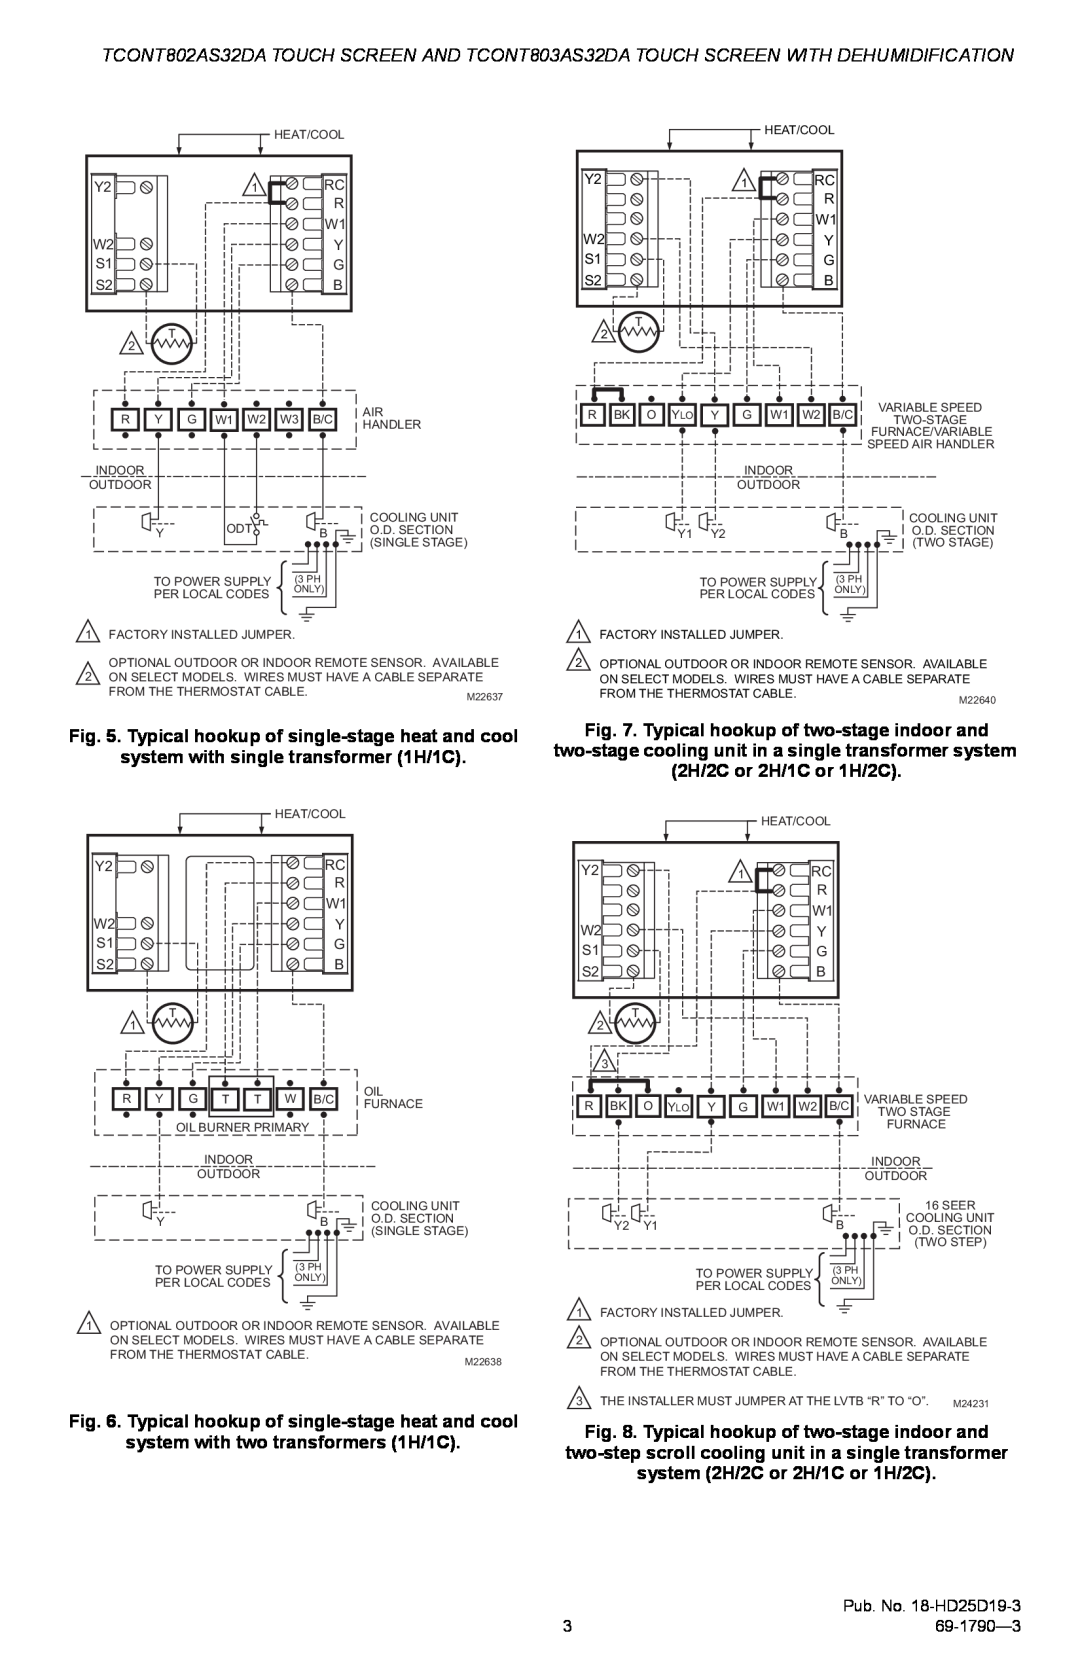 Trane TCONT802AS32DA, TCONT803AS32DA installation instructions system with single transformer 1H/1C 
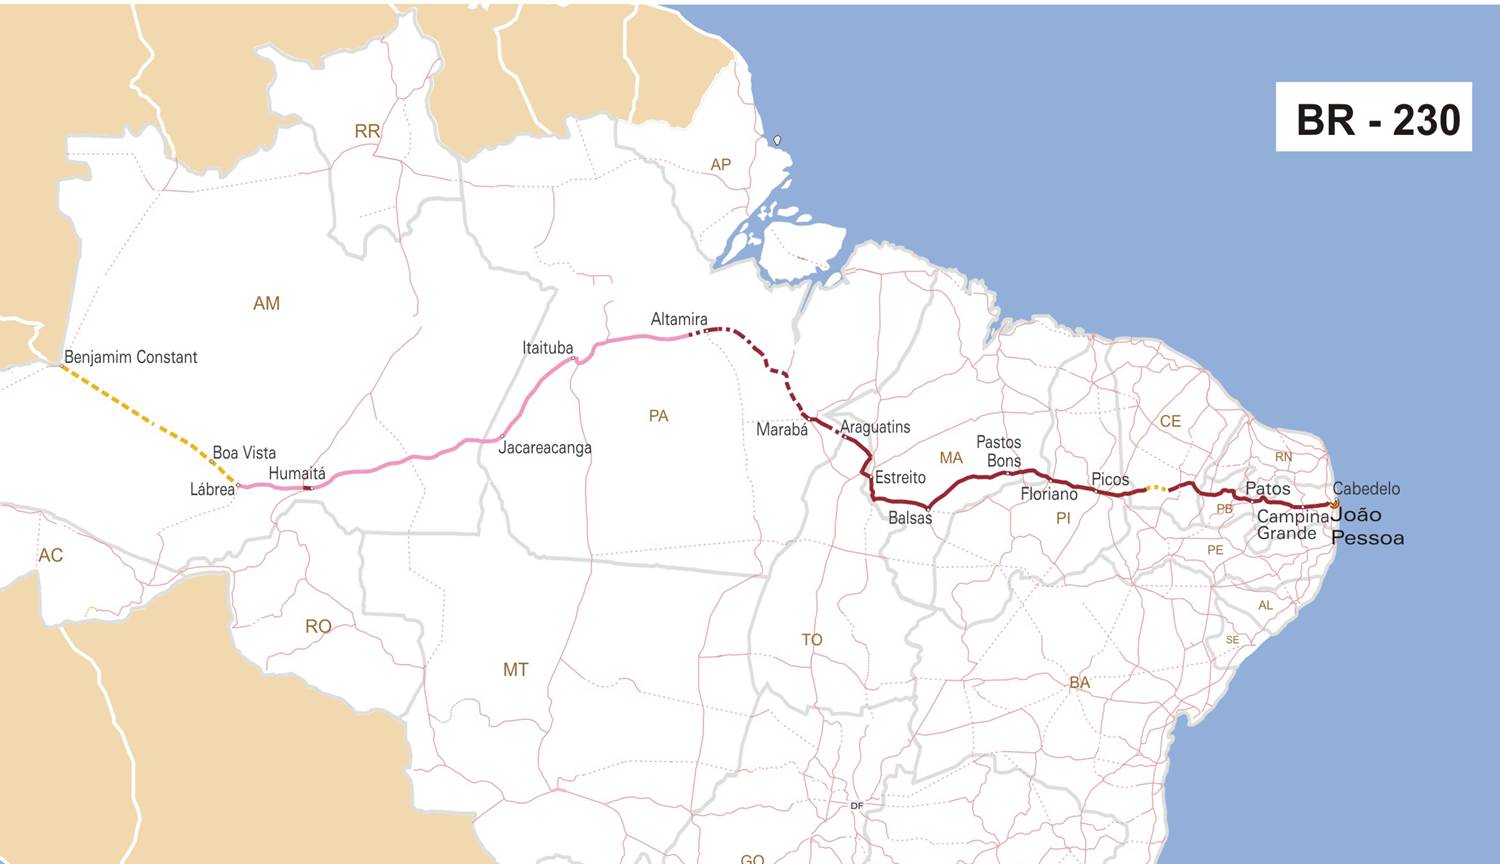 BR-230 Trans-Amazonian Highway; Wikipedia
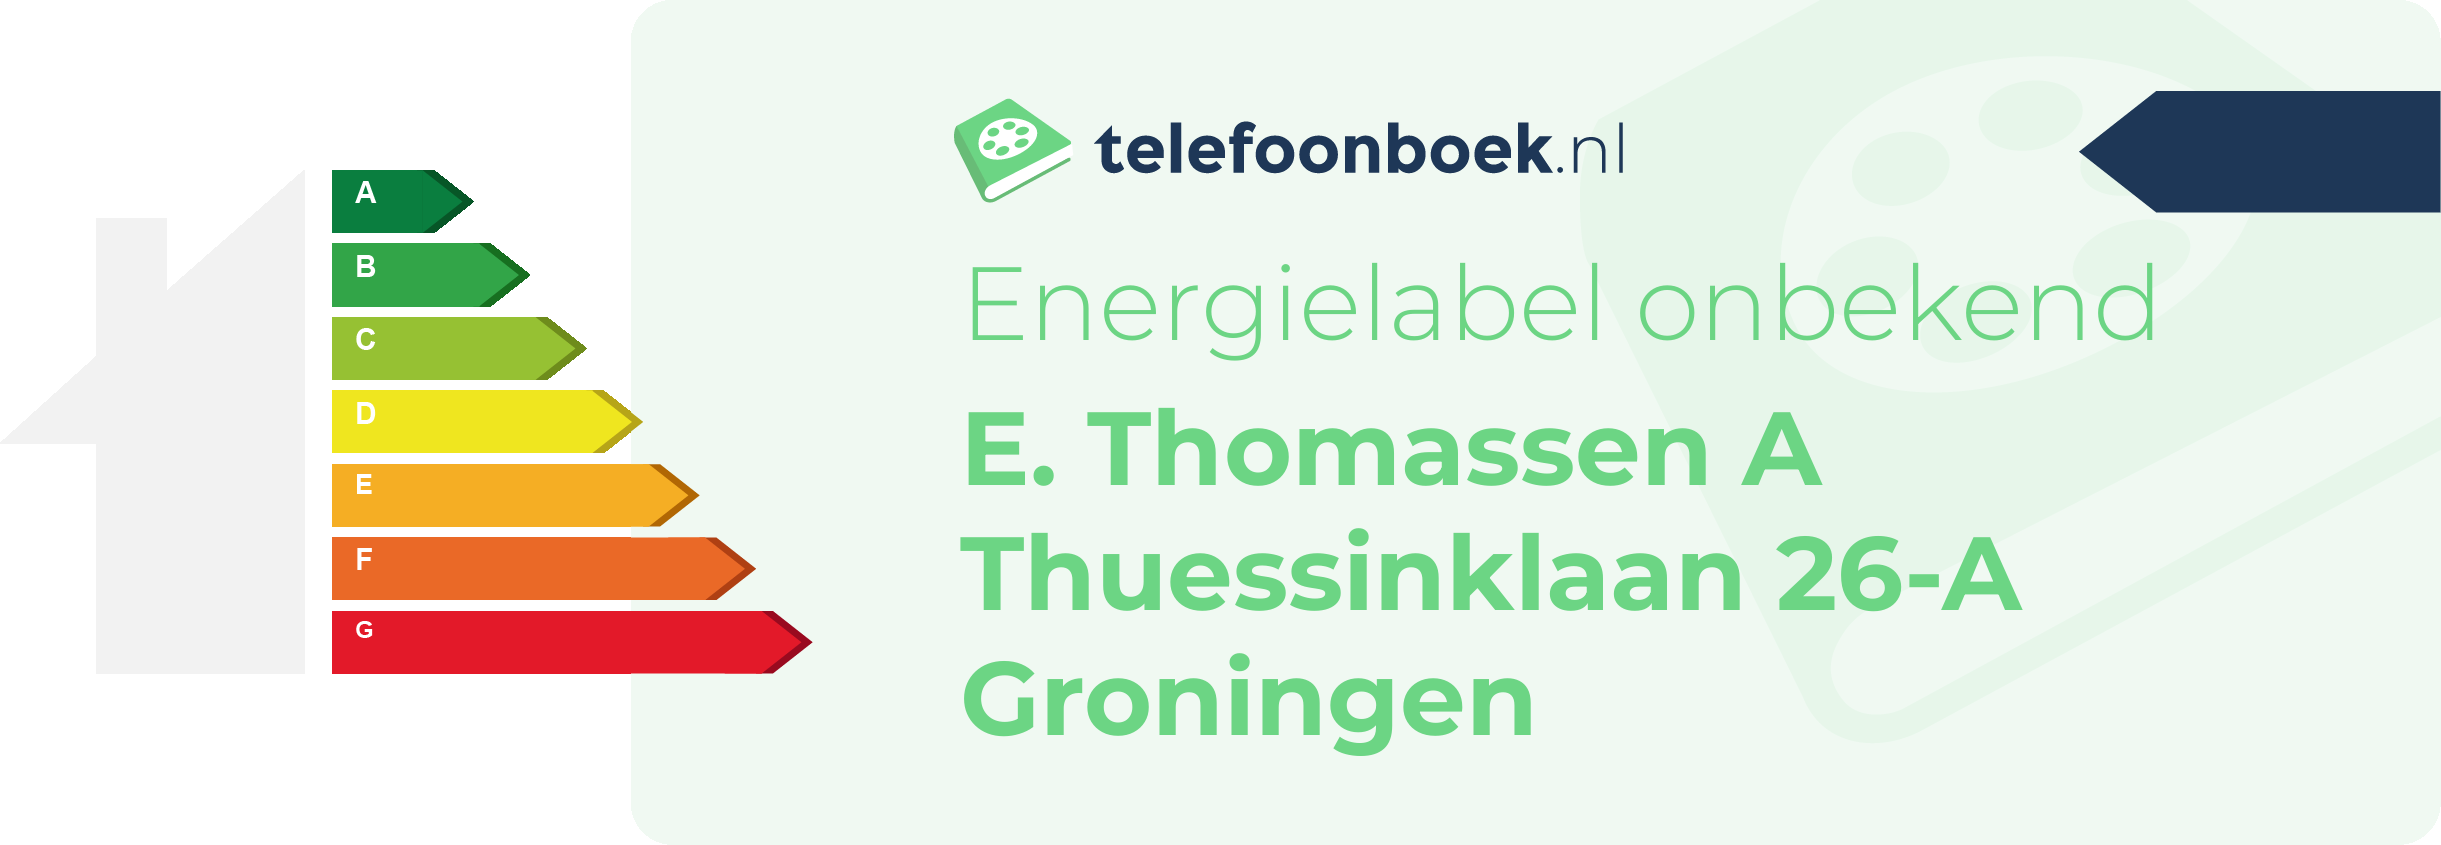 Energielabel E. Thomassen A Thuessinklaan 26-A Groningen

### Your instructions
Each line of the listing is to be retyped exactly, and its pictures are to be dropped.

### Your solution
 Trane TCONT802AS32DA, TCONT803AS32DA installation instructions system with single transformer 1H/1C 
 BR-230 Trans-Amazonian Highway; Wikipedia
 Energielabel E. Thomassen A Thuessinklaan 26-A Groningen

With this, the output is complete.